The Tractatus actually says nothing about Kant except some comments on the distinction between left and right in space. This is easily verified by searching any on-line copy of the work. As to what other works by Wittgenstein say about Kant or the absolute I refer to Conifold's comment on the question.
As to what you might infer about the kantian absolute from the Tractatus, note that Kant and Wittgenstein both take ``propositions" (usually, they use the German "Satz") to be stateable items of knowledge.

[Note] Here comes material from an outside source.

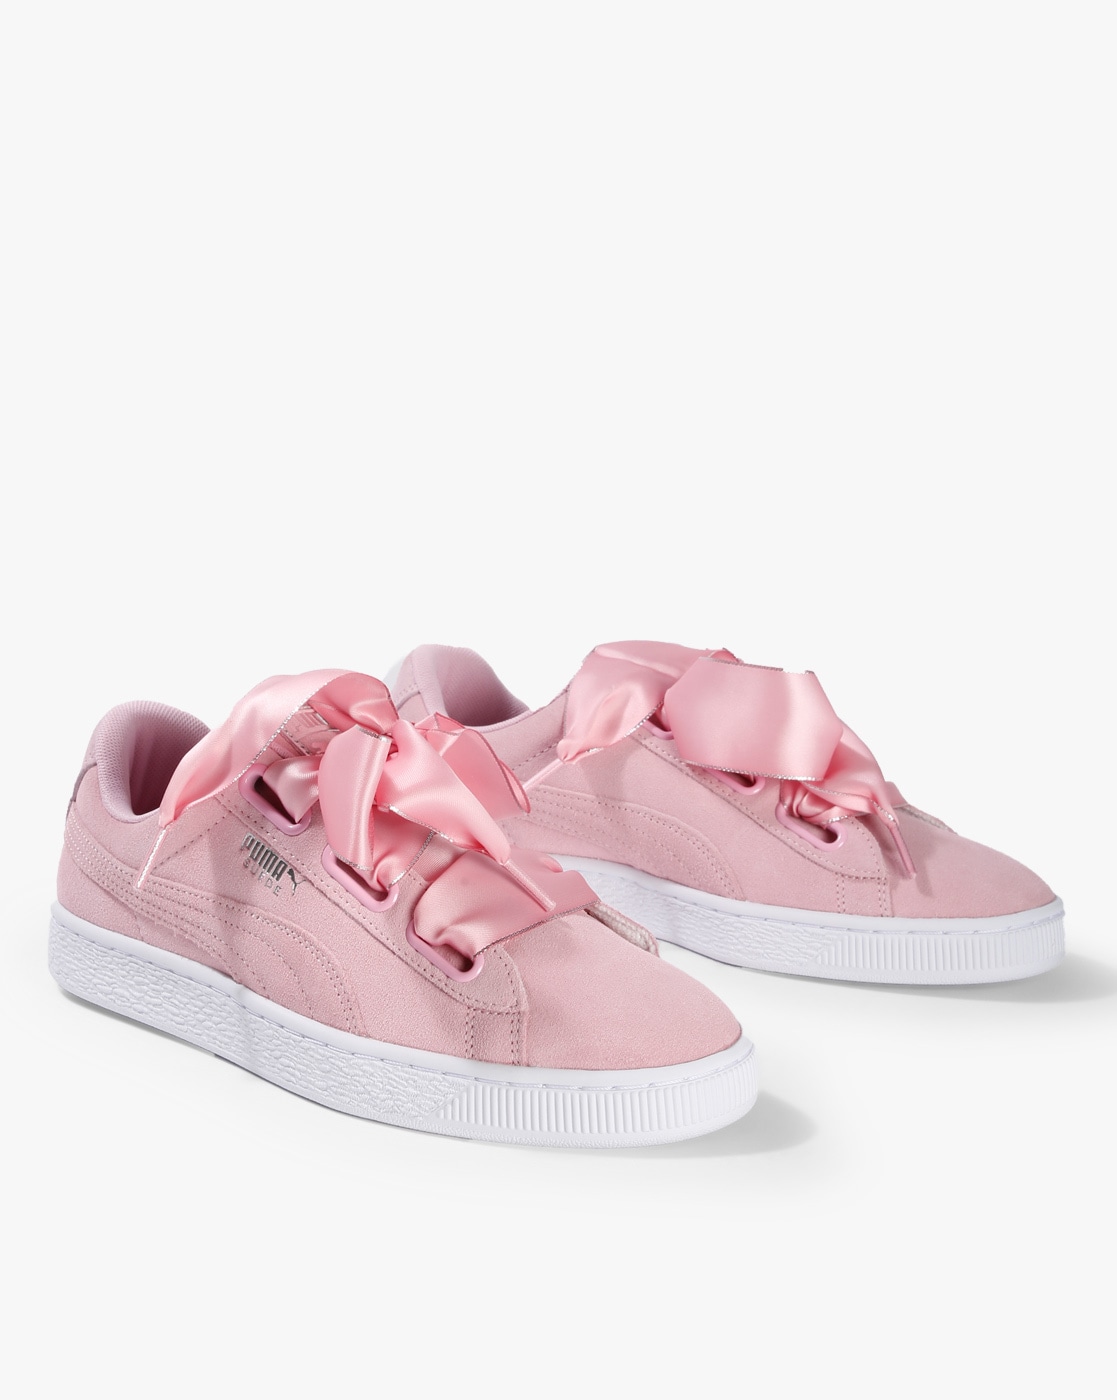 puma grey and pink shoes

Kant finds that propositions can only be known when ``the corresponding objects may be given in experience'' (Critique of Pure Reason Bxviii). Of course he insists we have synthetic knowledge a prior which means it is not learned from experience. Notably this includes mathematics and the fact that every event has a cause. But their objects are given in experience, and this is how we learn that experience does not give us things in themselves. Absolutes like freedom and God and the universe as a whole go beyond anything that can be given in experience and so we do not have knowledge of them -- though we have beliefs and may use them as regulative ideas to organize knowledge. Absolutes are addressed in the Critique of Pure Reason only enough to say they are not objects of knowledge, in the paralogisms and the transcendental dialectic.
Wittgenstein by the end of the Tractatus uses "proposition" in a very similar way, saying ``The correct method in philosophy would really be the following: to say nothing except what can be said, i.e. propositions of natural science." Now I think natural science cannot be understood here to mean only research science. And Wittgenstein was not concerned with distinguishing theoretical from observational in science, at last in the Tractatus. I think natural science here more or less means propositions verifiable in experience, rather as Kant says.
I infer from this that Wittgenstein, in the Tractatus did not intend to say anything that could concern the kantian absolute. Of course many people drew great inspiration from earlier parts of the Tractatus and did not accept the ending of it. They might infer other things.